The global poll of 33 analysts and traders conducted over the past month arrived at a median price for gold of $670 a troy ounce, up from an average of $612.10 in 2006 and about 3% higher than the figure from a poll in January.
Gold is forecast to rise to an average of $681.00 in 2008, up 4% from the January poll for the same year. That compares with a 23% surge in 2006 and 18% in 2005.
Spot gold was trading at around $665 on Wednesday.
Other precious metals are expected to perform more strongly than gold, with the average for silver seen surging by nearly 14% this year, platinum gaining more than 11% and palladium rising by over 13%.
"We believe the medium-term environment remains constructive for the gold price outlook," said Michael Lewis, global head of commodities research at Deutsche Bank in London.
"A further depreciation of the dollar, low real U.S. interest rates, the possibility of more skittish equity markets ahead as well as strong fabrication demand suggest to us that the recent correction in the gold price will be short lived."
Gold fell to a three-month low of $638.90 on June 27 before recovering, compared with last year's 26-year high of $730.
Sentiment was expected to be bullish as the metal was likely to remain a part of the portfolio of funds and investors.
"The forces that have driven commodity prices higher in the past couple of years remain largely in place," said Donald W. Doyle, Jr, chairman and chief executive of U.S.-based Blanchard and Company, a precious metals dealer.
"Global economic growth is strong, liquidity is plentiful, investors appear to still have an appetite for risk and the demand for commodities will continue to grow in emerging Asia as the region industrialises and wealth grows," he said.
Analysts said physical demand, which suffered last year because of volatile prices, was seen increasing due to a reduction in sharp price fluctuations, which might underpin the metal.
"From a fundamental perspective, fabrication demand has shown signs of stabilising and, barring another surge in price and volatility, we expect demand to remain positive over the year," said Suki Cooper, precious metals analyst at Barclays Capital in London.
Forecasts for continued dollar weakness, strength in oil prices, a tense geopolitical environment and expectations of gold sales by European central banks falling below their annual target of 500 tonnes remained positive for gold, but other factors had turned bearish, analysts said.
The pace of closing hedge positions that entailed gold sales for delivery at a future date was expected to slow down, while there had been some reduction in the metal held by exchange traded funds (ETFs) in recent months.
"If this were a mid-term school report for gold, it might have read -- Does well with limited resources, needs to pay better attention to what is going on," Ross Norman, managing director of TheBulliuonDesk.com, said.
Silver to Outperform
Silver is seen stronger than other metals, with the average 2007 price surging 14% to $13.30 an ounce. But it is forecast to fall to $13 in 2008, against its spot price of $12.95 and a 25-year high of $15.17 in May last year.

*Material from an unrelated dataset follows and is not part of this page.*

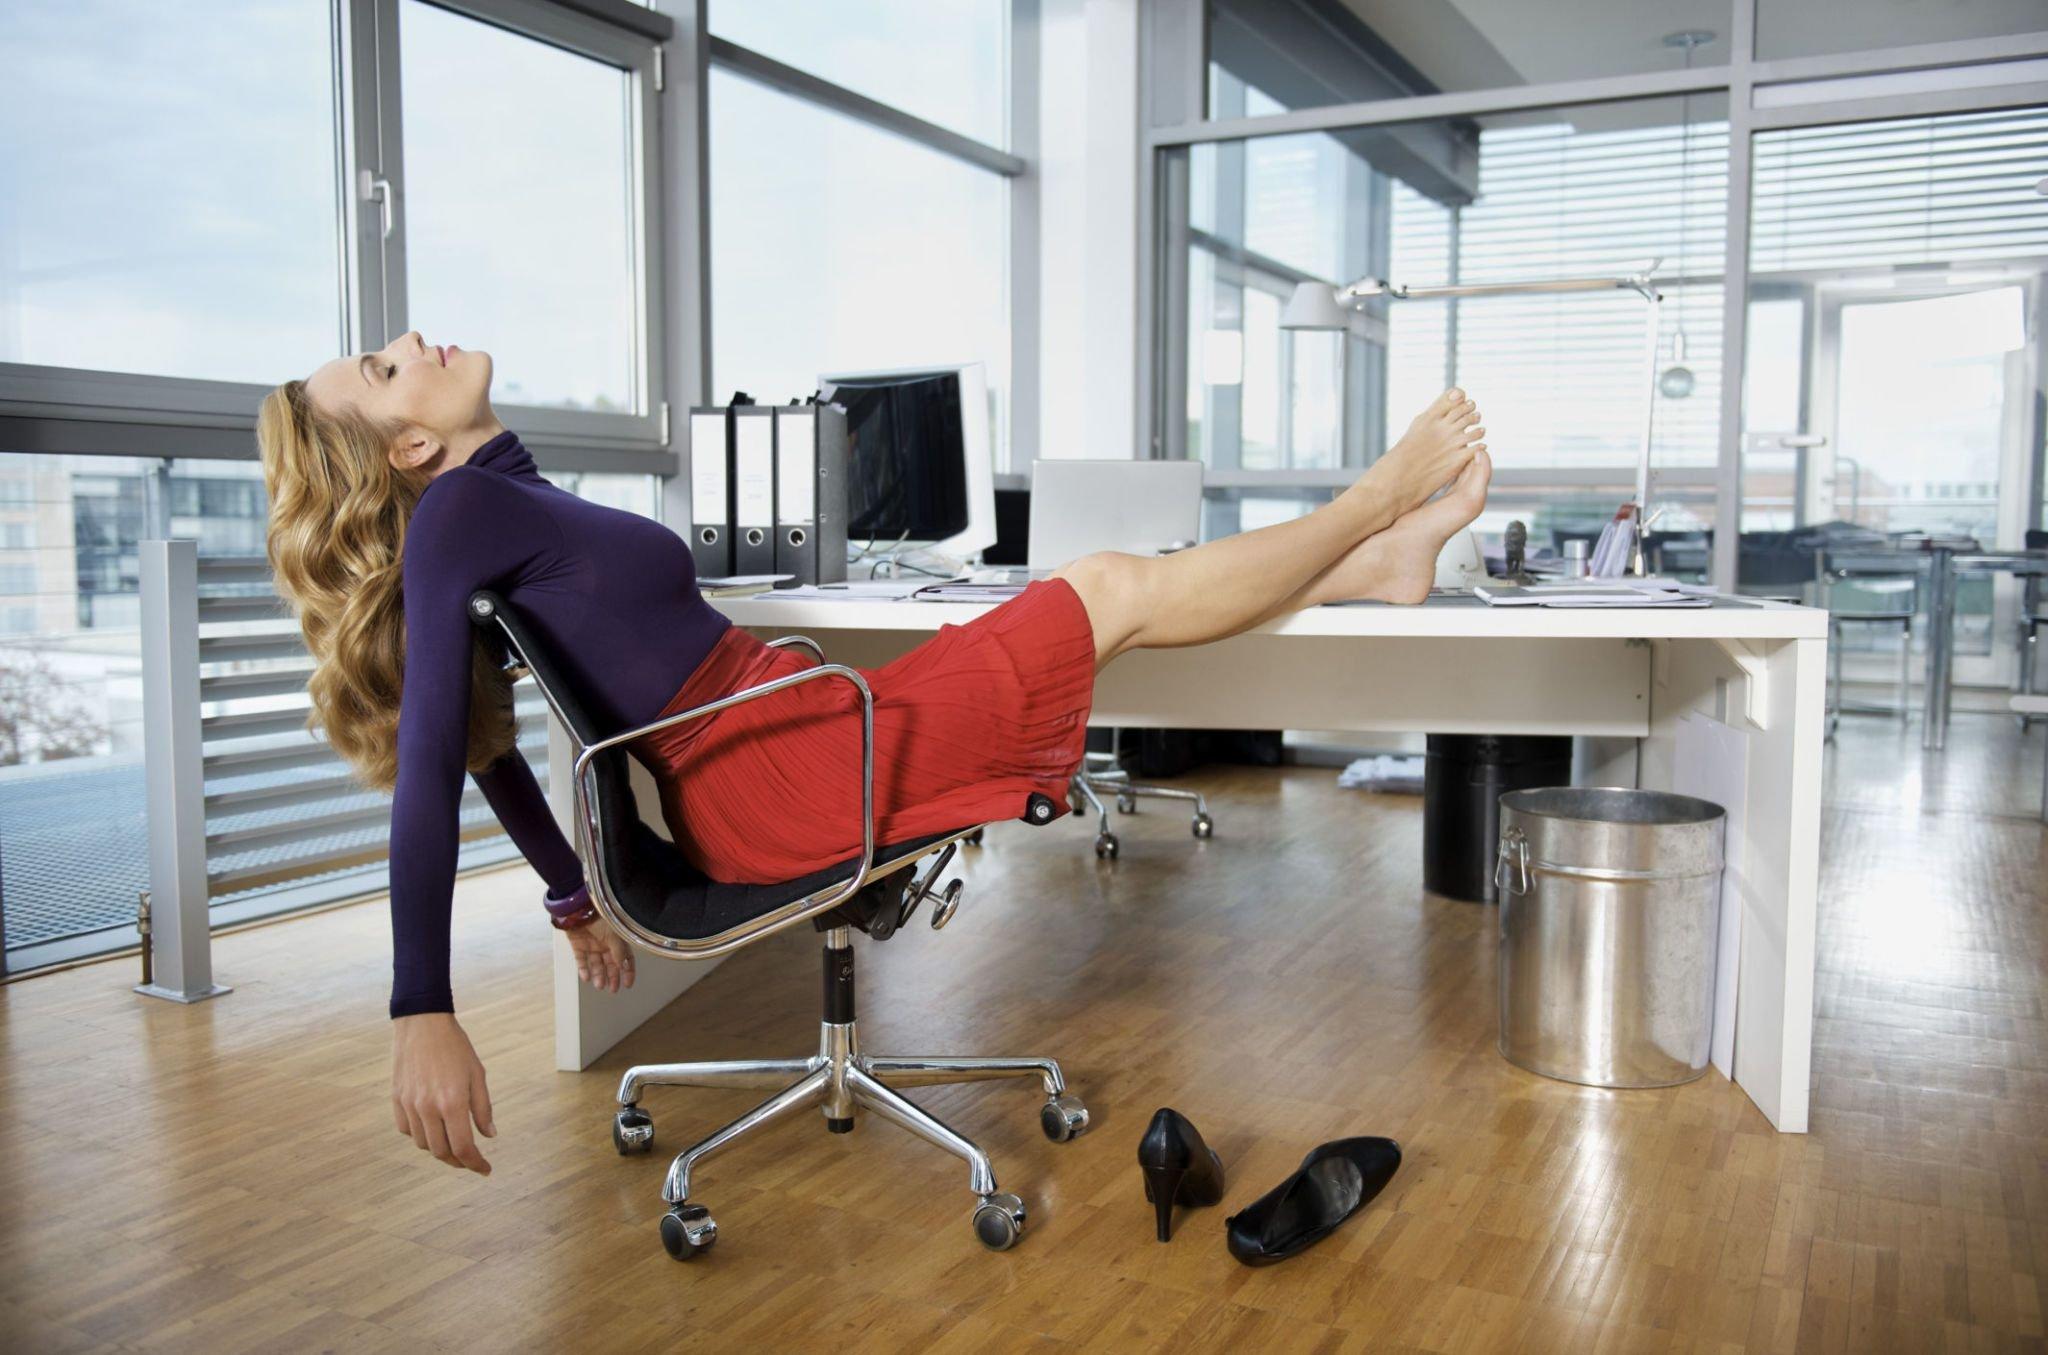 img 5b32ef47af2cb.png?resize=300,169 - 7 種讓緊繃的生活更舒服的方法,放慢腳步!減少憂鬱!

"Silver remains somewhat linked to the fortunes of gold but we believe increasing investor demand will see silver prices outperform gold over the next 6-12 months," said Daniel Hynes, commodities analyst at Merrill Lynch in London.
Analysts said silver would need support from investments in ETFs as the market was expected to end 2007 in surplus on rising mine supply.
Platinum is forecast to rise 11% to $1,267.50 an ounce this year before falling to $1,250 in 2008, but will still be above last year's $1,138 and the January's forecast of $1,125. Spot was last quoted at around $1,305, far below its record high of $1,395 in November.
Palladium was predicted to track other metals, with prices seen rising 13% to $363 an ounce in 2007 and then to $380 in 2008.